MatOfRect faceDetections = new MatOfRect();
faceDetector.detectMultiScale(image, faceDetections);
System.out.println(String.format("Detected %s faces", faceDetections.toArray().length));
// Draw a bounding box around each face.
for (Rect rect : faceDetections.toArray()) {
Imgproc.rectangle(image, new Point(rect.x, rect.y), new Point(rect.x + rect.width, rect.y + rect.height), new Scalar(0, 255, 0));
}
// Save the visualized detection.
String filename = "faceDetection.png";
System.out.println(String.format("Writing %s", filename));
Imgcodecs.imwrite(filename, image);
}
}
public class HelloOpenCV {
public static void main(String[] args) {
System.out.println("Hello, OpenCV");
// Load the native library.
System.loadLibrary(Core.NATIVE_LIBRARY_NAME);
new DetectFaceDemo().run();
}
}

Note the call to System.loadLibrary(Core.NATIVE_LIBRARY_NAME). This command must be executed exactly once per Java process prior to using any native OpenCV methods. If you don't call it, you will get UnsatisfiedLink errors.
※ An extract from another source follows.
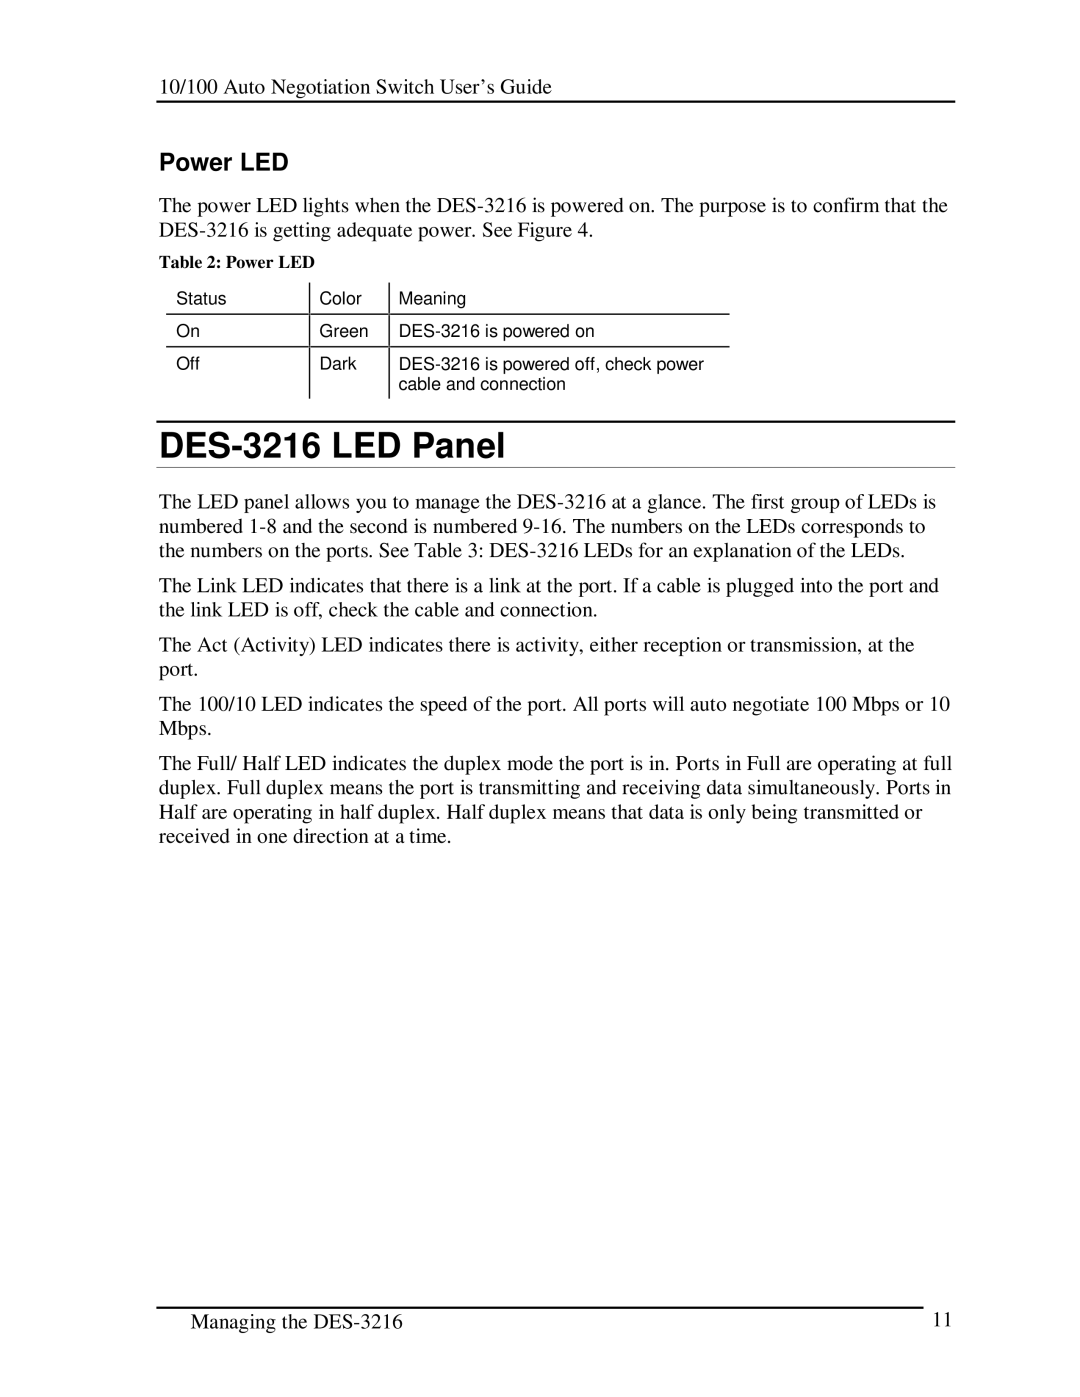 D-Link manual DES-3216 LED Panel, Power LED

You will also get errors if you try to load OpenCV when it has already been loaded.

Now run the face detection app using `sbt run`:

sbt run

You should see something like this:

sbt_run_face.png

It should also write the following image to faceDetection.png:

faceDetection.png

You're done! Now you have a sample Java application working with OpenCV, so you can start the work on your own. We wish you good luck and many years of joyful life!